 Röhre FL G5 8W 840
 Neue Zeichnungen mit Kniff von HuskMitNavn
........
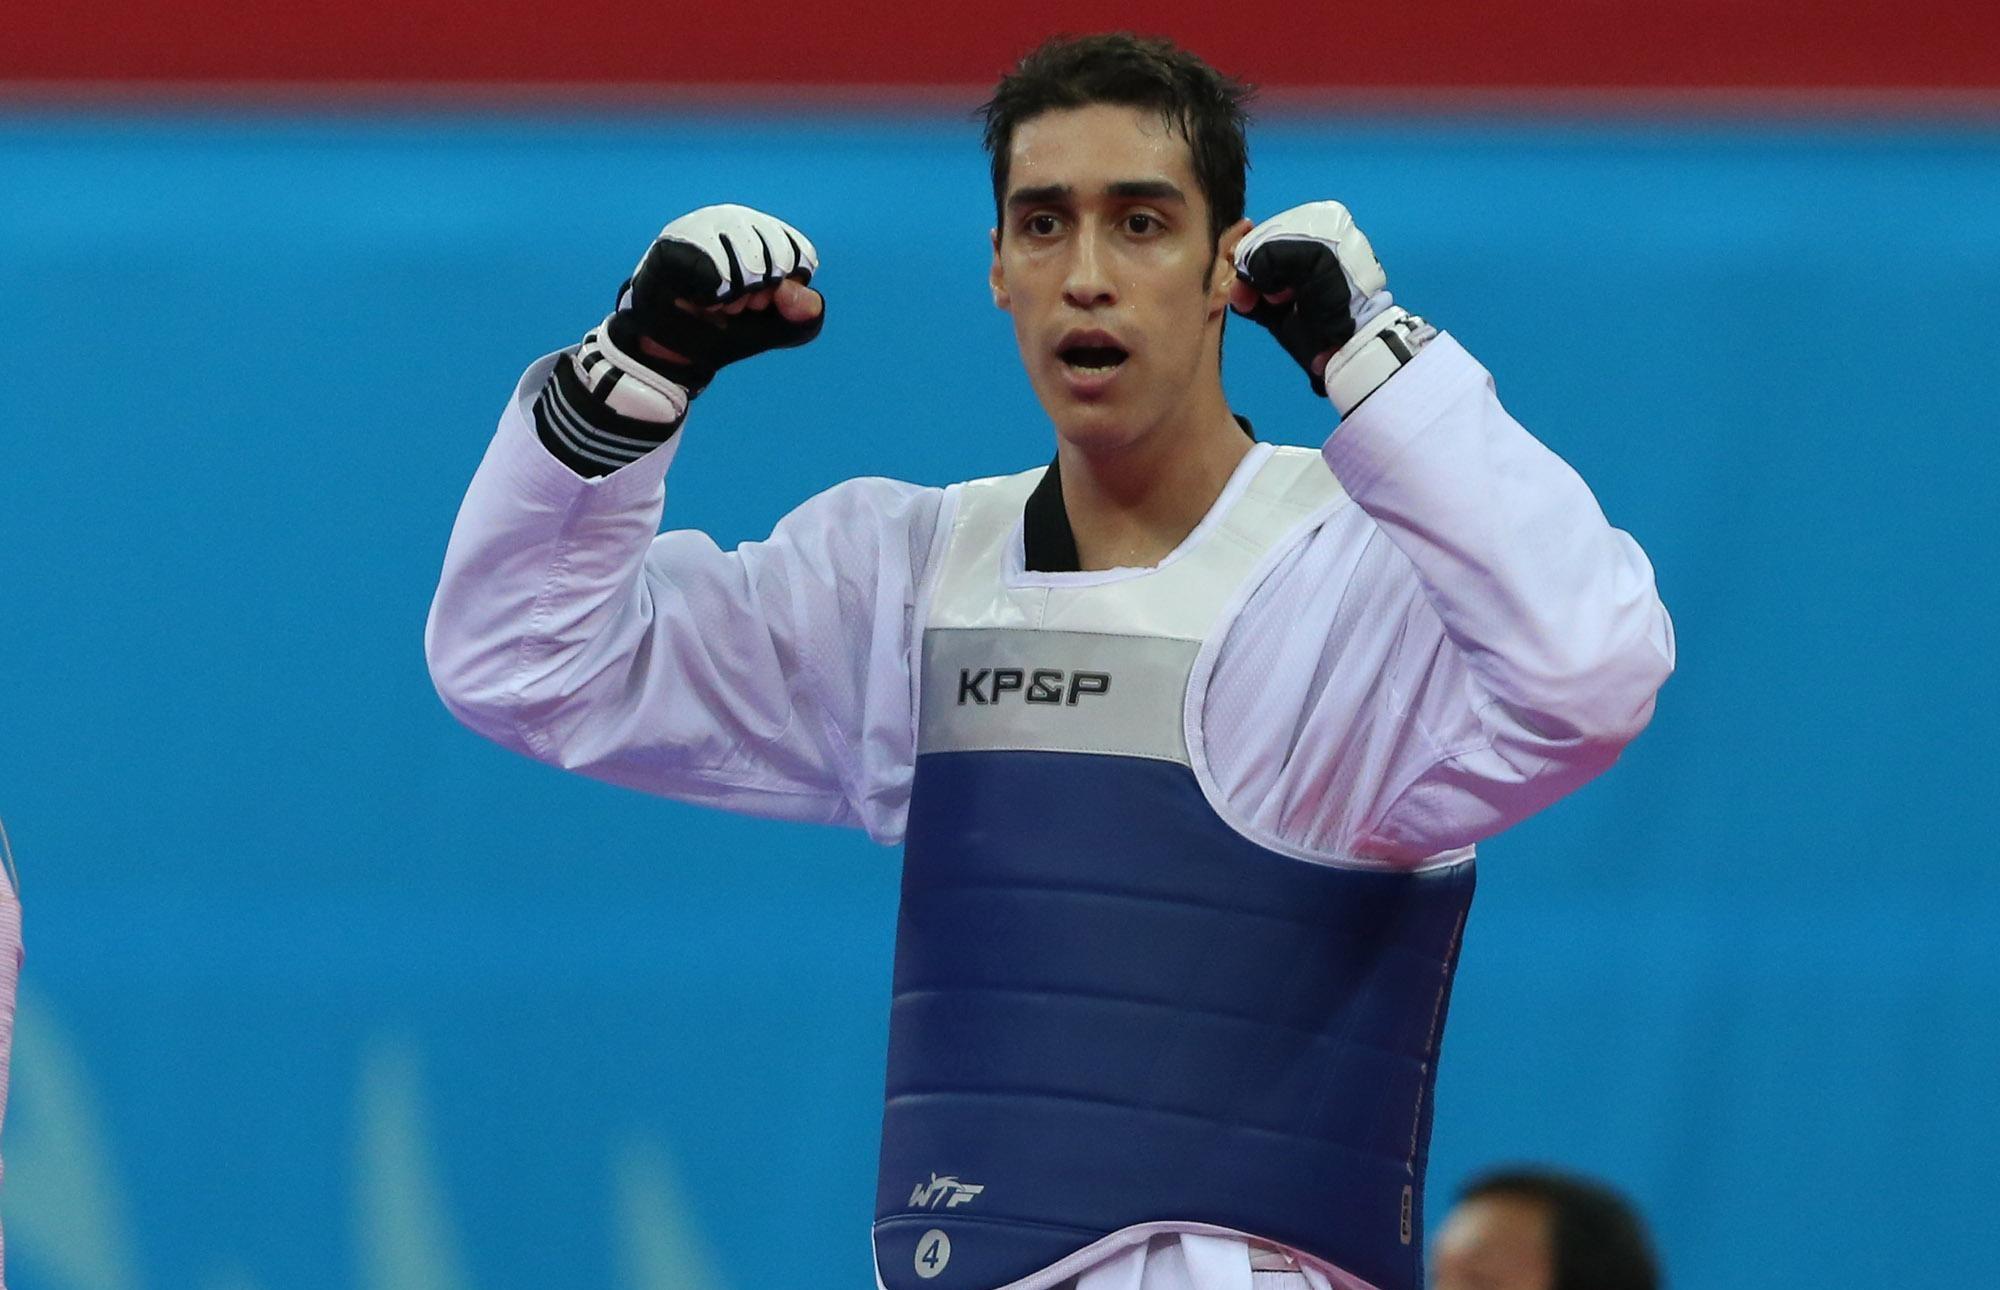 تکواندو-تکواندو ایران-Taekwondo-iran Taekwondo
........
- Directions -
Precisely the lines between those holding "Röhre FL G5 8W 840" and "Neue Zeichnungen mit Kniff von HuskMitNavn", inclusive, are to be reproduced from the listing above, with nothing added.

- Solution -
 Röhre FL G5 8W 840
 Neue Zeichnungen mit Kniff von HuskMitNavn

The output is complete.